16/18 genotyping in triage of persistent human papillomavirus infections with negative cytology in the English cervical screening pilot
Menée en Angleterre auprès de 127 238 femmes participant à un programme de dépistage du cancer du col de l'utérus et auprès de trois laboratoires d'analyses, cette étude évalue l'effet de protocoles de sélection, comportant la recherche des papillomavirus humains de type 16 et 18 dès la première session de dépistage et un rappel 12 ou 24 mois plus tard en cas de test positif et d'analyse cytologique négative, sur le taux de colposcopies réalisées et le taux de lésions cervicales CIN2+ détectées
Background : In the English pilot of primary cervical screening with high-risk human papillomavirus (HR-HPV), we exploited natural viral clearance over 24 months to minimise unnecessary referral of HR-HPV+ women with negative cytology. Three laboratories were permitted to use 16/18 genotyping to select women for referral at 12-month recall. We estimated the clinical impact of this early genotyping referral.

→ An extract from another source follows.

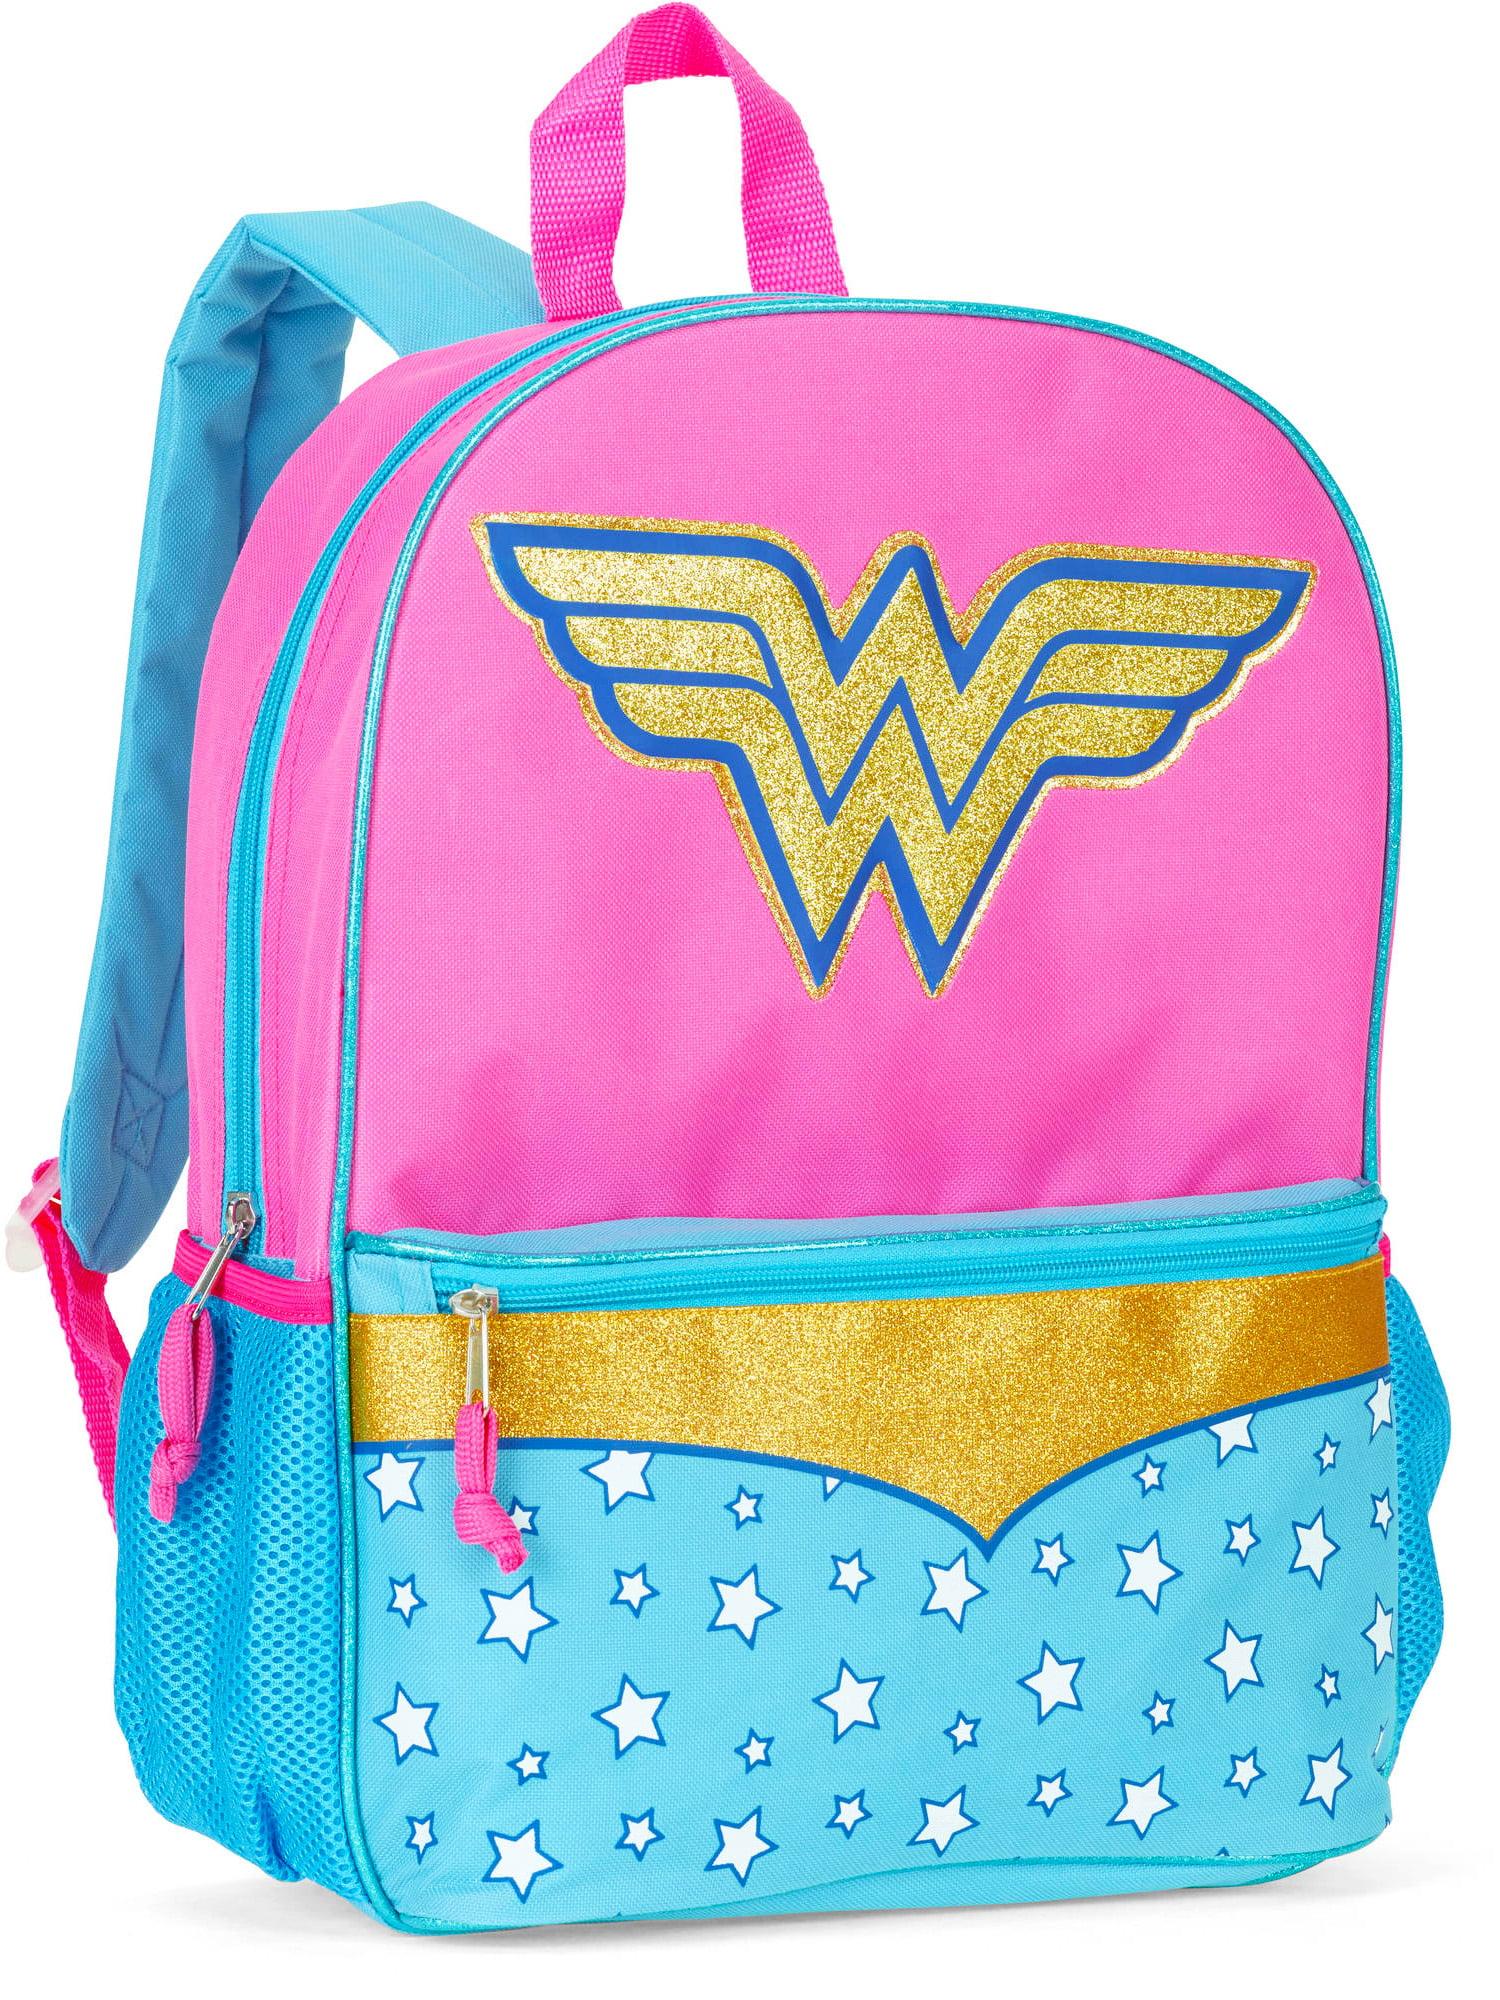 2e557fe6b4de DC Superhero Girls Wonder Woman Backpack with Glitter 16

Methods : The observed numbers of women referred to colposcopy and with detected high-grade cervical intraepithelial neoplasia (CIN2+), and of women who did not attend early recall in the three laboratories were compared with those estimated to represent a situation without an early genotyping referral. The 95% confidence intervals (CI) for the differences between the protocols were calculated by using a parametric bootstrap.
Results : Amongst 127,238 screened women, 16,097 (13%) had HR-HPV infections. The genotyping protocol required 5.9% (95% CI: 4.4–7.7) additional colposcopies and led to a detection of 1.2% additional CIN2+ (95% CI: 0.6–2.0), while 2.3% (95% CI: 2.1–2.5) fewer HR-HPV+/cytology− women did not attend the early recall compared with the non-genotyping protocol.
Conclusions : In a screening programme with high quality of triage cytology and high adherence to early recall,16/18 genotyping of persistent HPV infections does not substantially increase CIN2+ detection.